## RECORDS PROVIDED
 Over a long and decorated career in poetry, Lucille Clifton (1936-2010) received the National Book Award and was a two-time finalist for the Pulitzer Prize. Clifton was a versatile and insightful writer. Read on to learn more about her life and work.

* * *

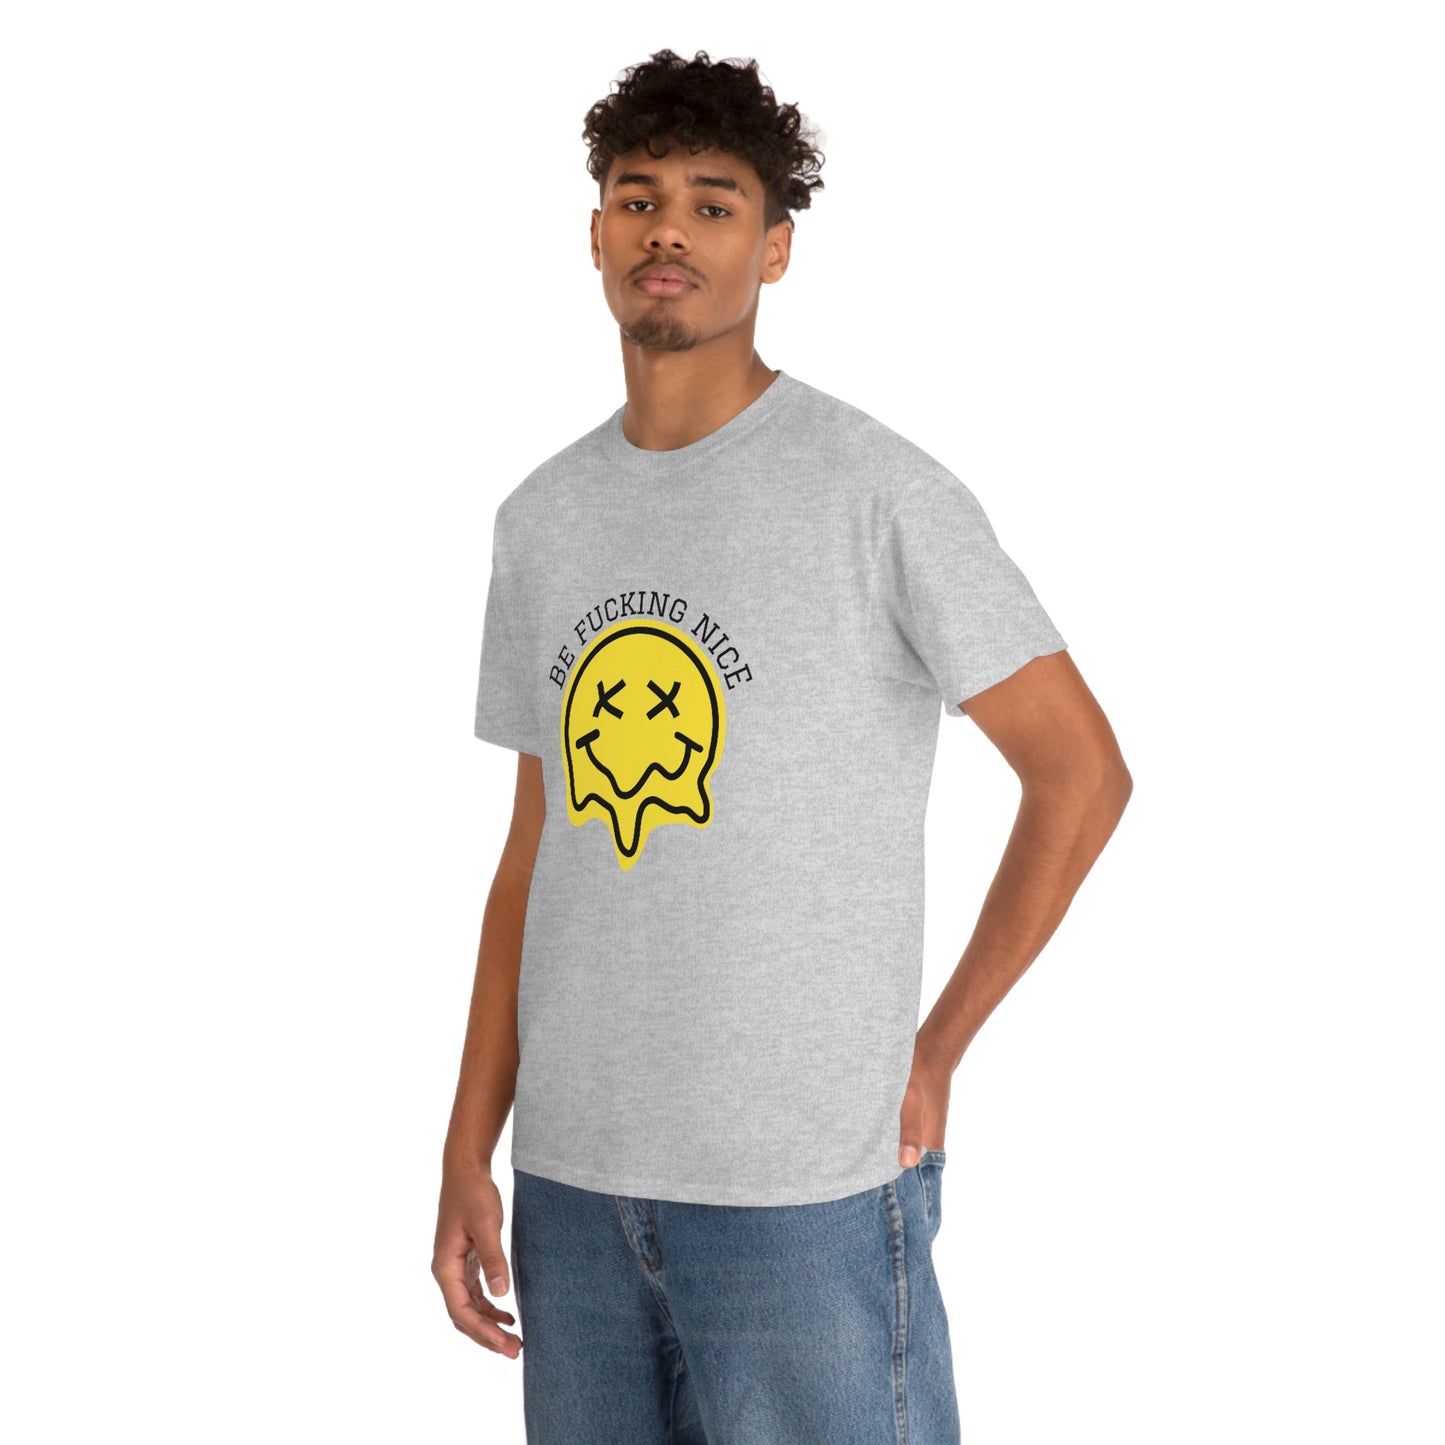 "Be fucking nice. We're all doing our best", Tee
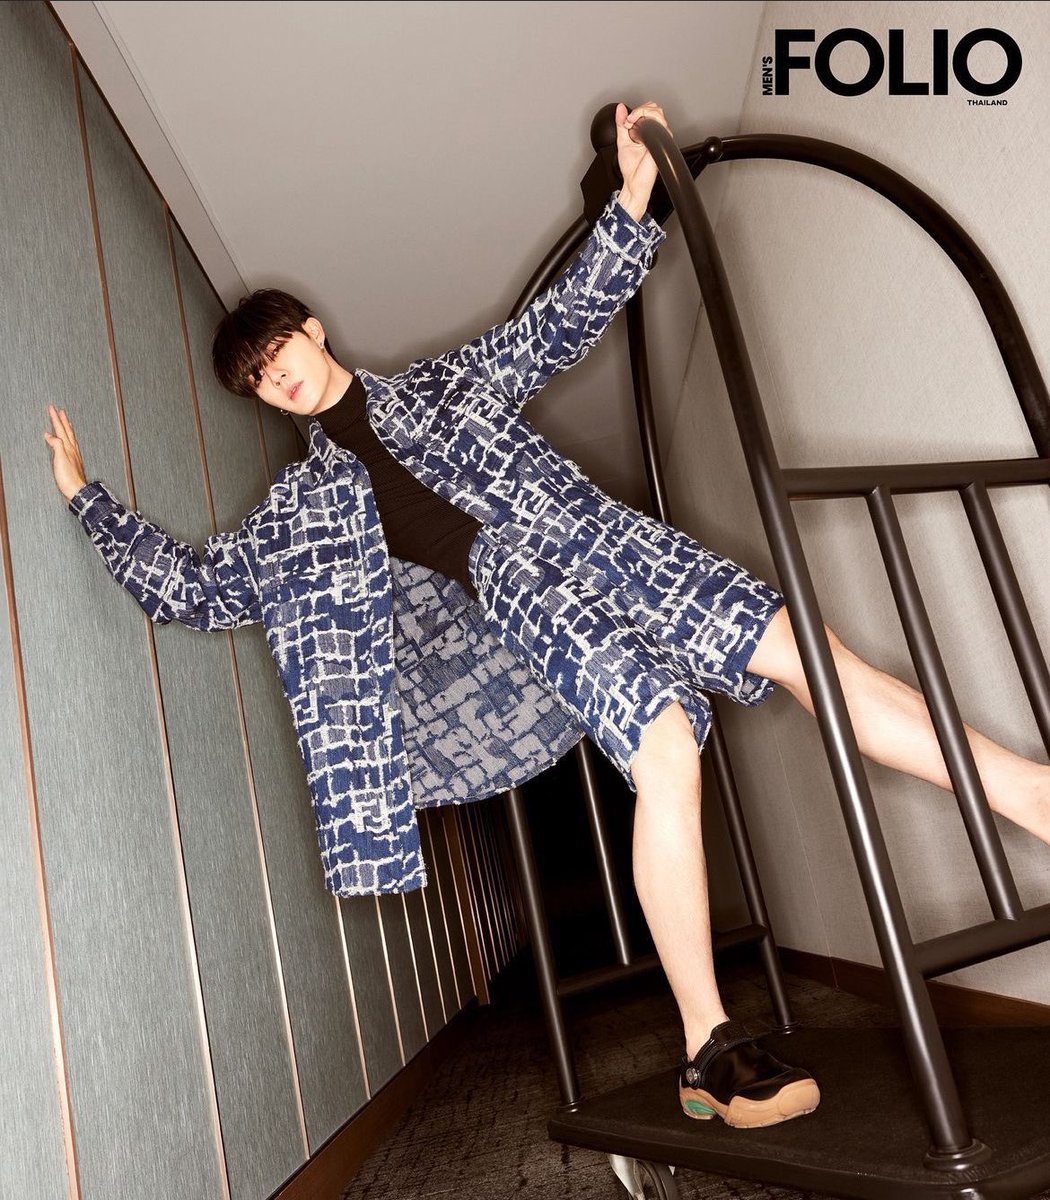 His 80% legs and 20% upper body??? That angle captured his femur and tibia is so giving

## WORK INSTRUCTIONS
In the entries above, which lines run from the one with "fucking nice. We're" up to and including the one with "His 80% legs"? Write them out exactly, without the pictures.

## TASK ANSWER
 "Be fucking nice. We're all doing our best", Tee
 His 80% legs and 20% upper body??? That angle captured his femur and tibia is so giving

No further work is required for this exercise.